About a year ago, I blogged about writing unit tests for OpenPAM to weed out bugs in the configuration file parser, and mentioned a specific bug which my unit tests caught, and which I wouldn’t have noticed without them.
Yesterday, this came back to bite me.
The patch in question fixed the following edge case:
hello "" world
This is supposed to be parsed as three words (“hello”, “” and “world”), but openpam_readword() would incorrectly return NULL instead of the second, empty word, because it wouldn’t allocate a string buffer until it had something to put in it.
Unfortunately, there is a serious problem with that patch:
/* edge case: empty quoted string */ if (word == NULL && (word = malloc(1)) == NULL) { openpam_log(PAM_LOG_ERROR, "malloc(): %m"); errno = ENOMEM; return (NULL); } *word = '\0'; size = 1;
It may be hard to spot if you’re not already familiar with the code, but the last two lines, which were intended to initialize the newly allocated empty string, run regardless of whether a string already existed. What this means is that if your input mixes quoted and unquoted text, such as this:
auth required pam_unix.so try_first_pass authtok_prompt="Password for %u@%h: "
then the moment openpam_readword() hits that double quote, it will overwrite the “a” in “authtok” with a NUL character. No matter how much text is later appended, the caller will get an empty string.
Even worse, since that code set size to 1 and openpam_straddch() trusts the caller not to mess with size and len, there is a risk of heap corruption. The next time openpam_straddch() is called, it will see that len (the length of the string) exceeds size (the size of the buffer) and blindly resize the buffer to what it thinks is twice its current size—but in reality, it shrinks the buffer to two bytes, and proceeds to write outside the buffer. Luckily, this is unlikely to have practical consequences since modern allocators will usually not reuse that memory until the entire buffer is freed, and subsequent openpam_straddch() calls will quickly reclaim it.

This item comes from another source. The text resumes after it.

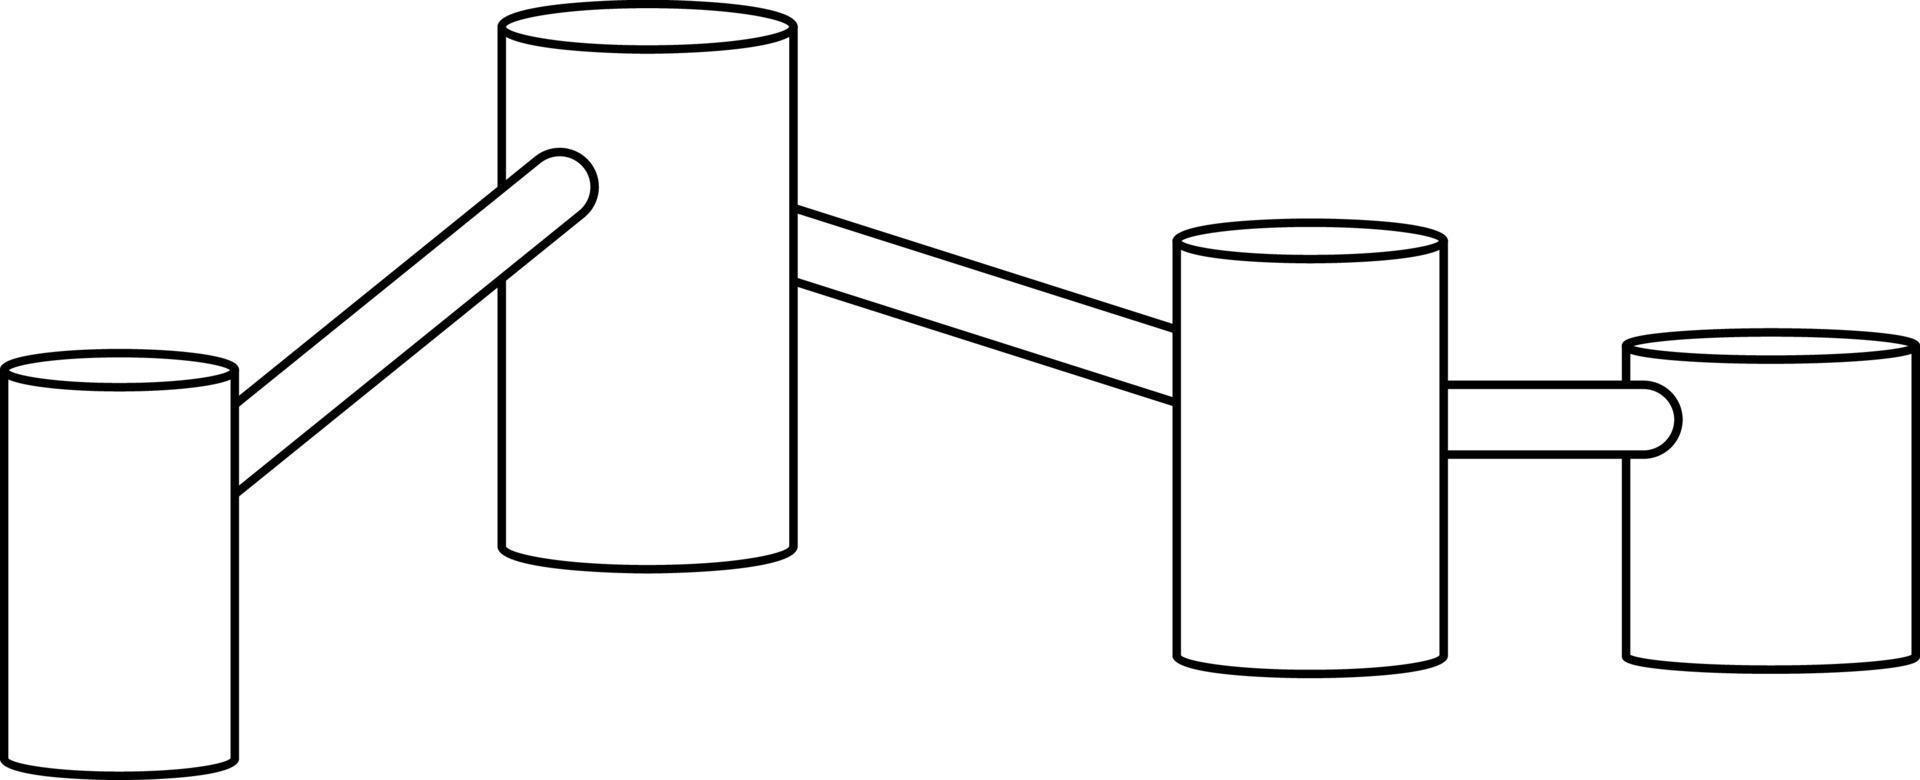 Schwarz-Weiß-Doodle-Charakter vektor
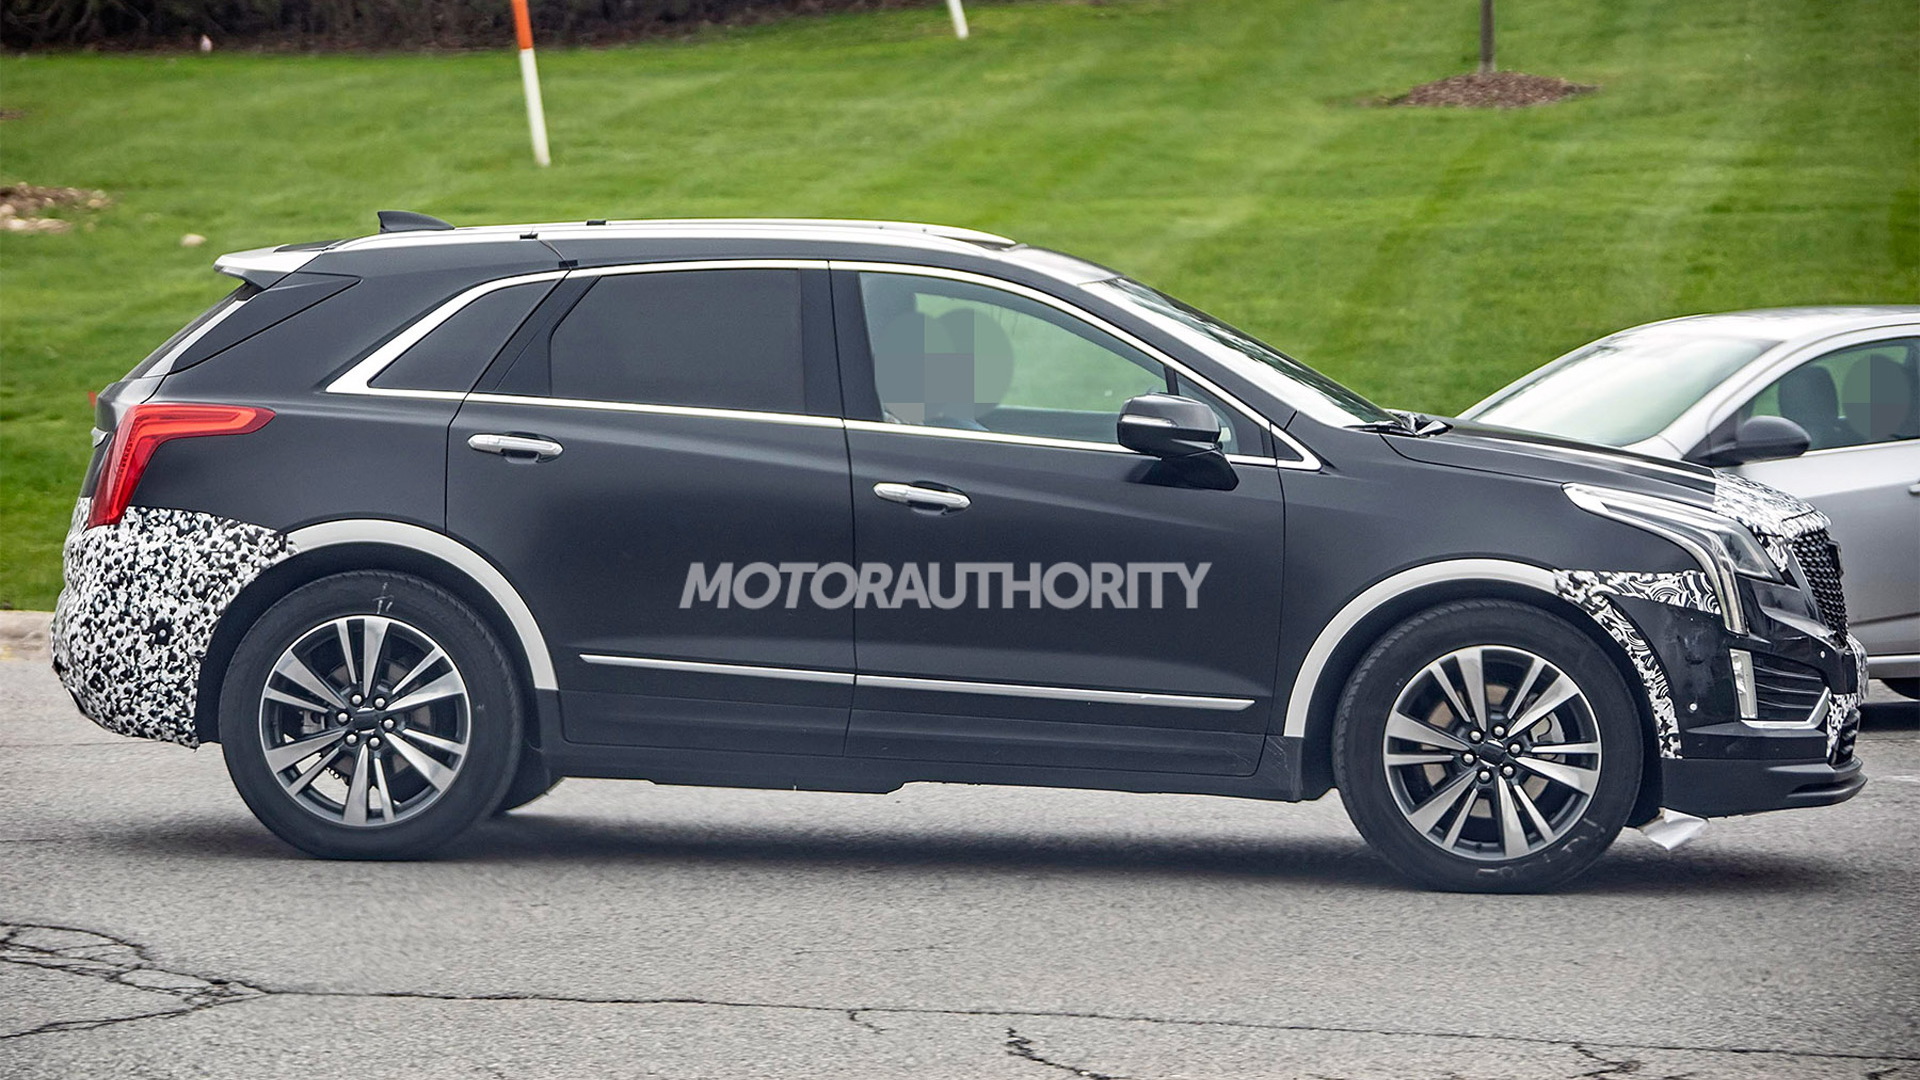 2020 Cadillac XT5 facelift spy shots - Image via S. Baldauf/SB-Medien

The code was meant to look like this:
/* edge case: empty quoted string */ if (word == NULL) { if ((word = malloc(1)) == NULL) { openpam_log(PAM_LOG_ERROR, "malloc(): %m"); errno = ENOMEM; return (NULL); } *word = '\0'; size = 1; }
However, I chose a different solution: I modified openpam_straddch() so it can be used to bootstrap an empty string. This allowed me to reduce the code to this:
/* edge case: empty quoted string */ if (openpam_straddch(&word, &size, &len, 0) != 0) return (NULL);
The issue of trusting the caller not to mess with size and len is thornier. In the end, I decided that there is no way to guard against all possible cases of caller idiocy. In this particular case, I could have noticed that size <= len, but I wouldn’t have known which of the two—if any!—had the correct value.
There are several lessons here, but the most important one is probably something I will call “test blindness”: trusting that because your tests passed, the code is correct. This is a fallacy: it assumes that your tests are perfect, but they aren’t, because you aren’t. After all, if you were, you wouldn’t need tests in the first place!
Anyway, I’ve added six unit tests (regression tests, technically) for input that mixes quoted and unquoted text within a single word. I’m also going to set up Bitten to automatically build and test OpenPAM after every commit—this wouldn’t have helped me catch this bug, but it will help me catch regressions.